As spring approaches, consider these alternative gardens for your home
The growing interest in plants among millennials – combined with aging baby boomers who want maintenance-free gardens – means that gardens today are often a radical departure from traditional English or European country and estate gardens.
Natural, native and sustainable gardens are now being tended in more creative ways by professionals and amateurs alike. “The younger generation is moving into the home and they want to do it their way,” says veteran Toronto-based gardener Dougald Cameron. The result is gardens that increasingly reflect the diversity of our landscapes, as well as our people, and our native plants. For their part, boomers want less stressful work.
“Our gardens are closer to nature than ever before,” says Cameron. “And if you think of gardening as an art form, what you like or don’t like, it all comes down to personal taste.”
Here, five unconventional gardens to inspire your warm-weather planning.

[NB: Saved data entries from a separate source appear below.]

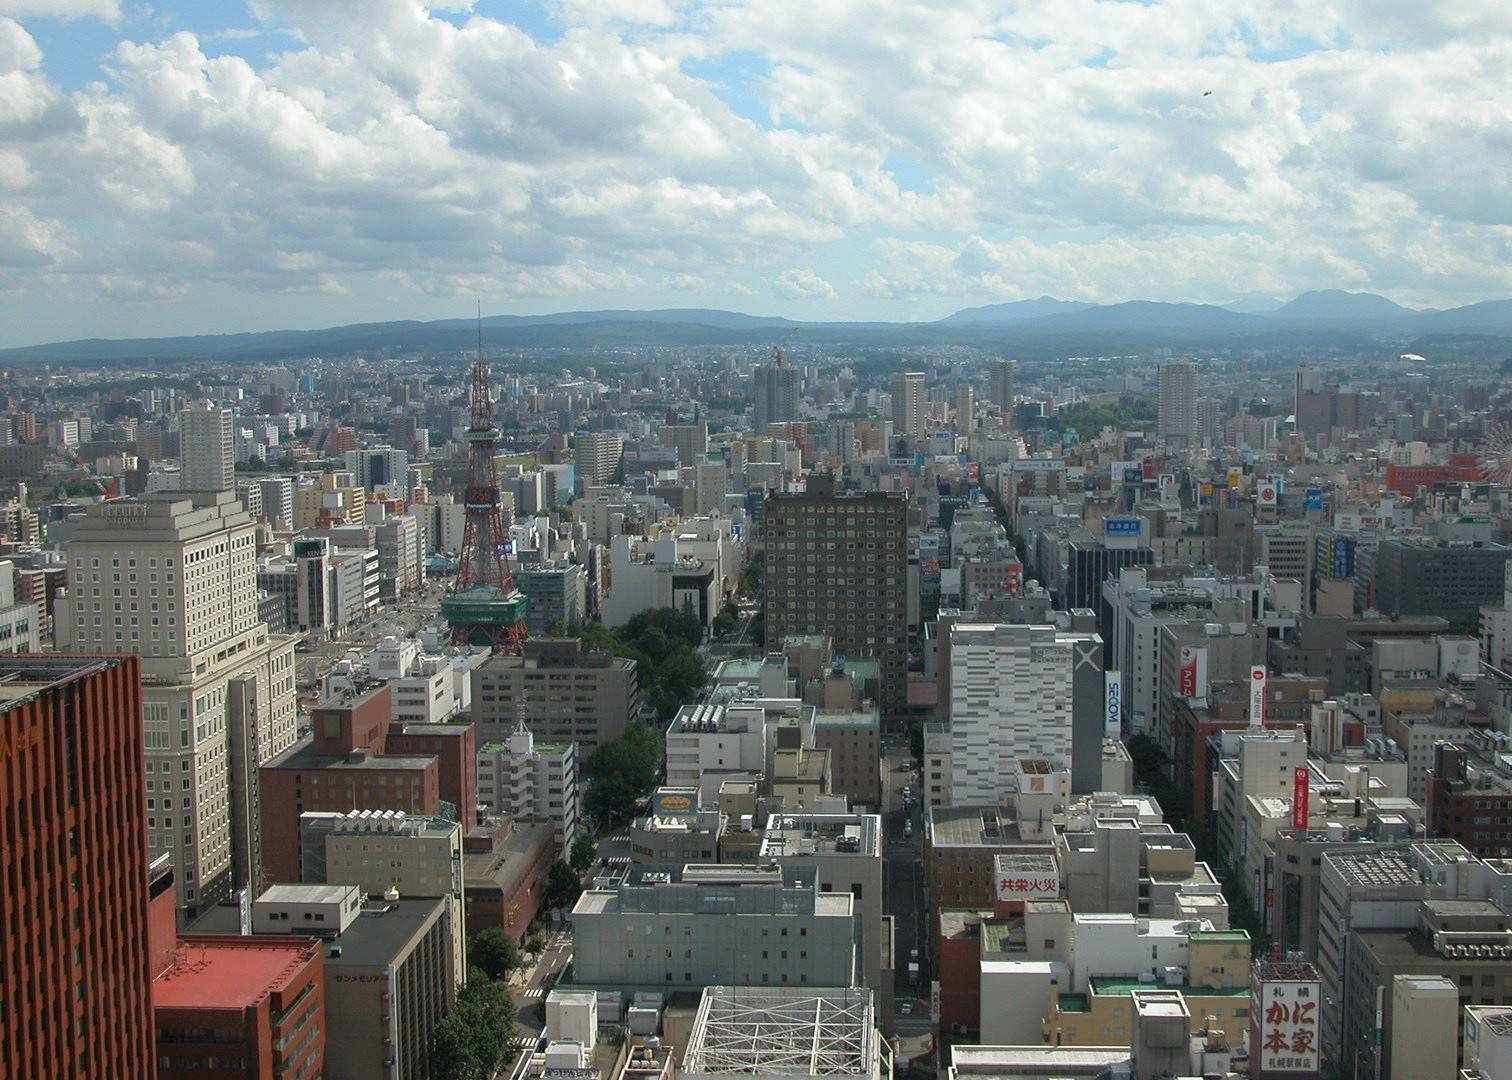 Shizukuishi Prince Hotel - Official website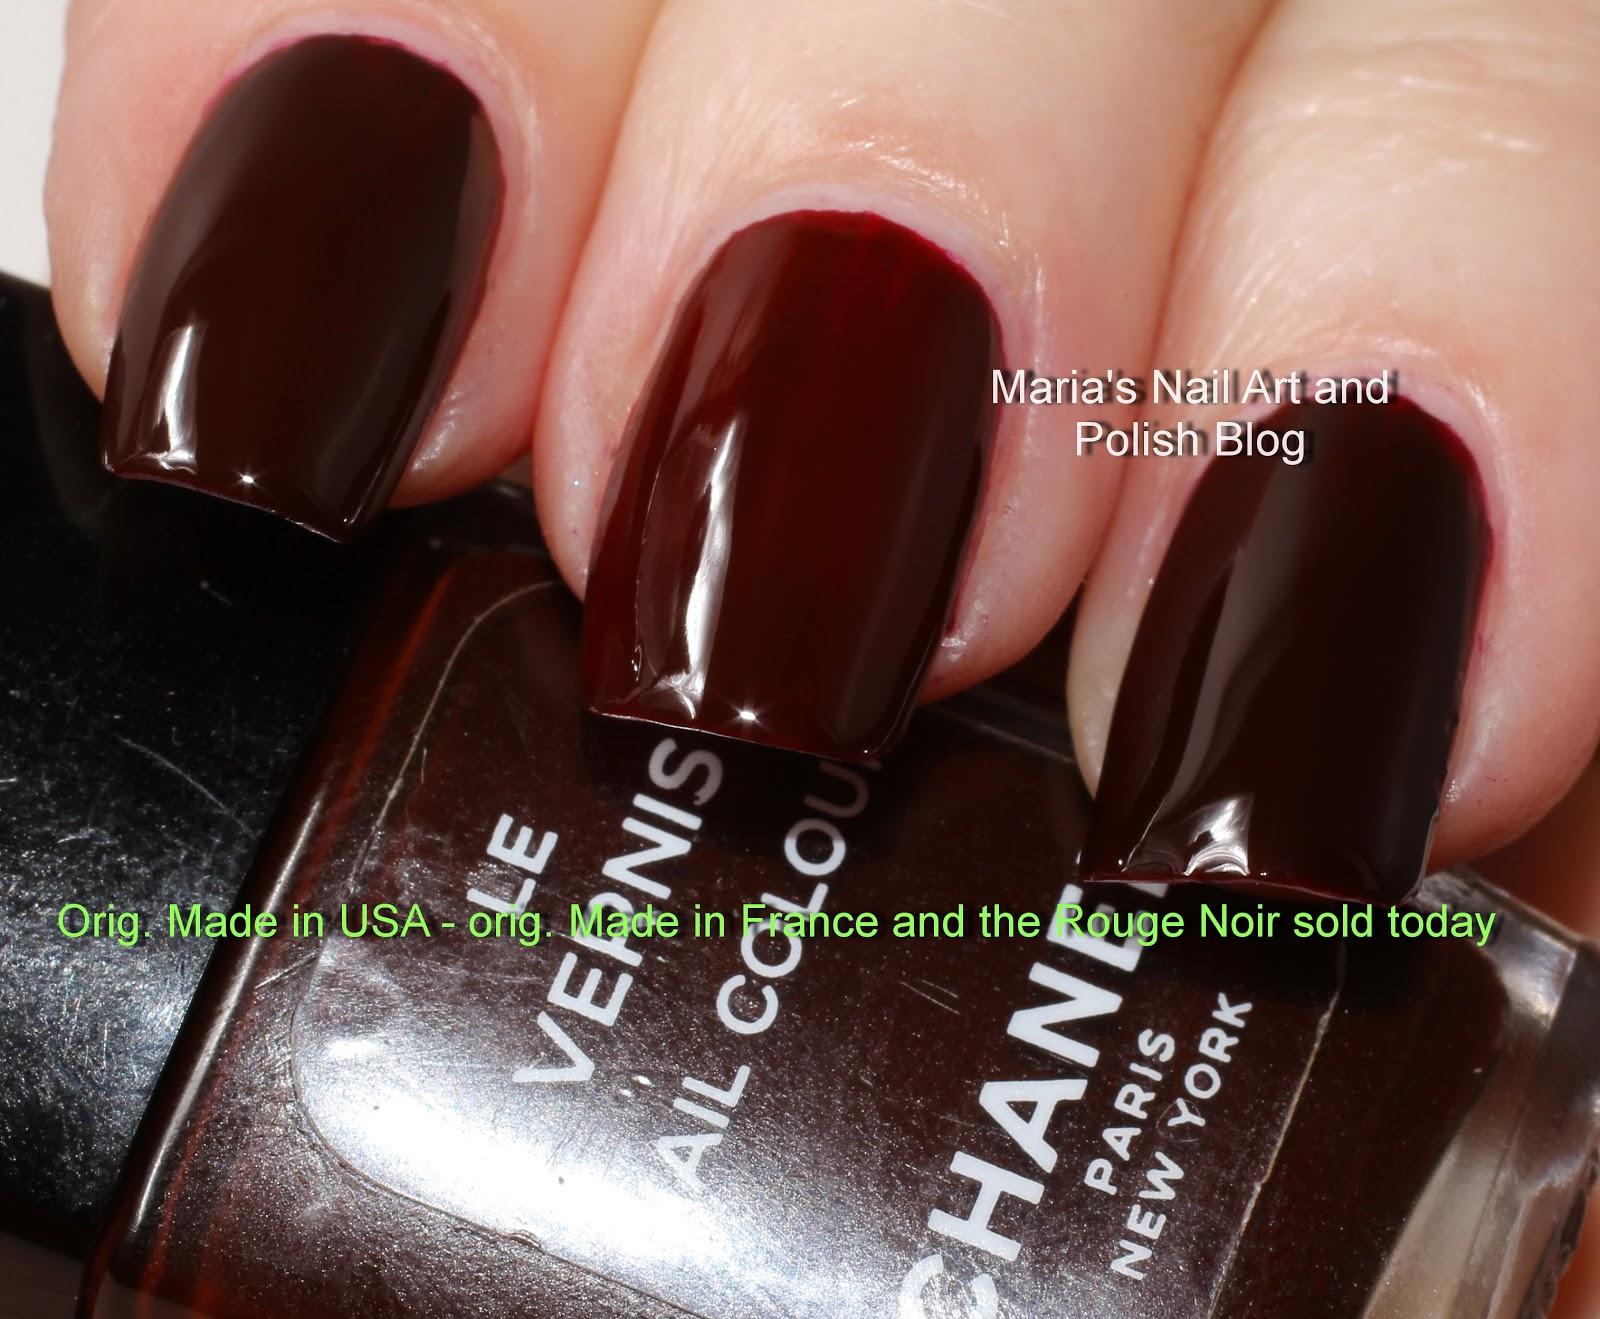 marias nail art and polish blog chanel rouge noir 18 vamp 18 5 x 18 the vamp triology. Black Bedroom Furniture Sets. Home Design Ideas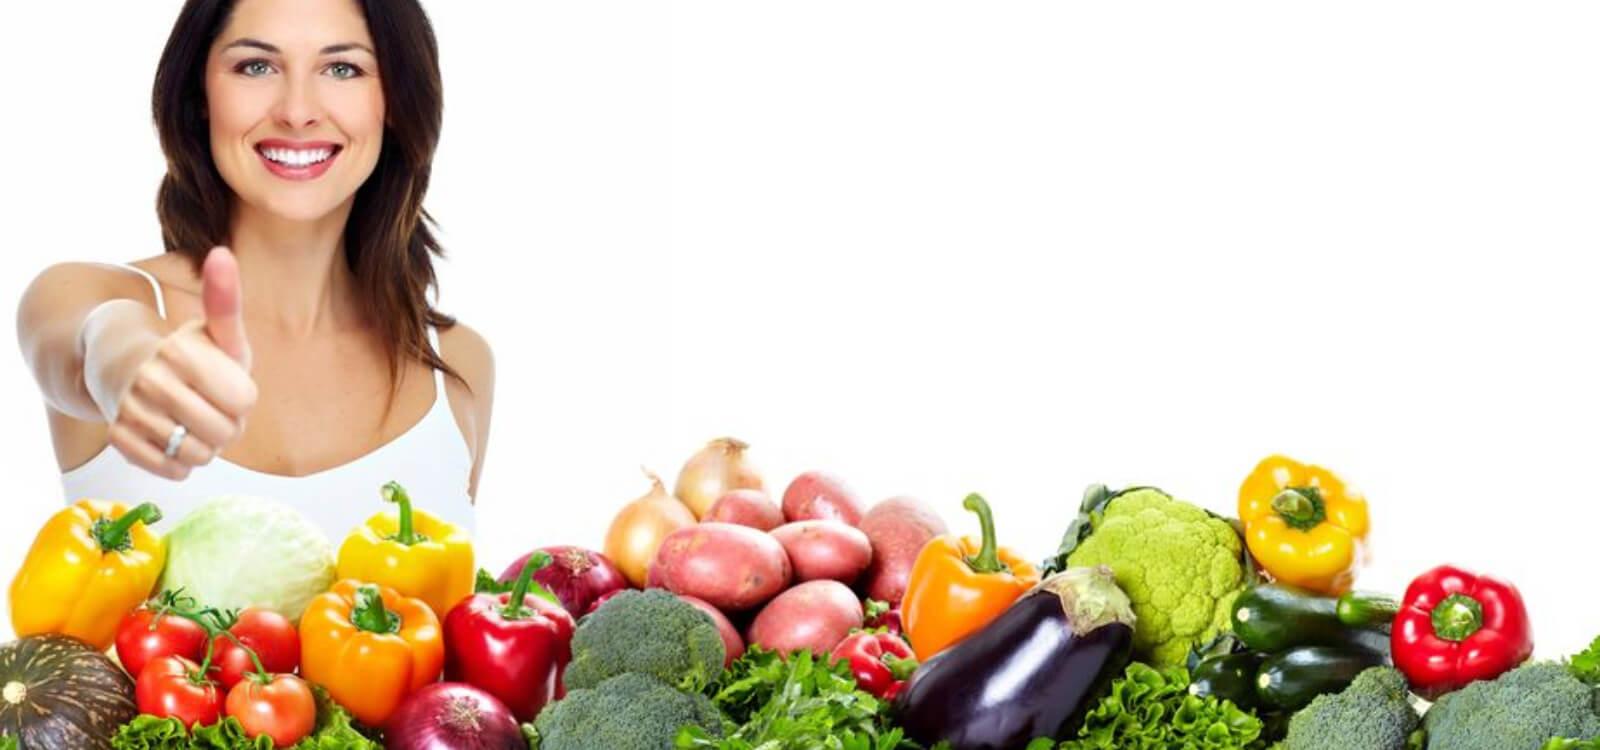 tom brady diet alkaline foods

Since many gardeners don’t have enough time to weed, rockeries are seeing a resurgence. Using rocks to build rock gardens that require minimal maintenance, these spaces look great in real life and on Instagram, and are the perfect backdrop for a wide range of perennials. Plants that thrive include creeping thyme, angelina stonecrop, spreading conifers, alpine, rockchips (the Latin name Saxifraga means “stone crusher”), and hardy succulents like hens and chicks, which live outside on the ground year-round. Rock gardens need full sun and well-drained, gravel soil.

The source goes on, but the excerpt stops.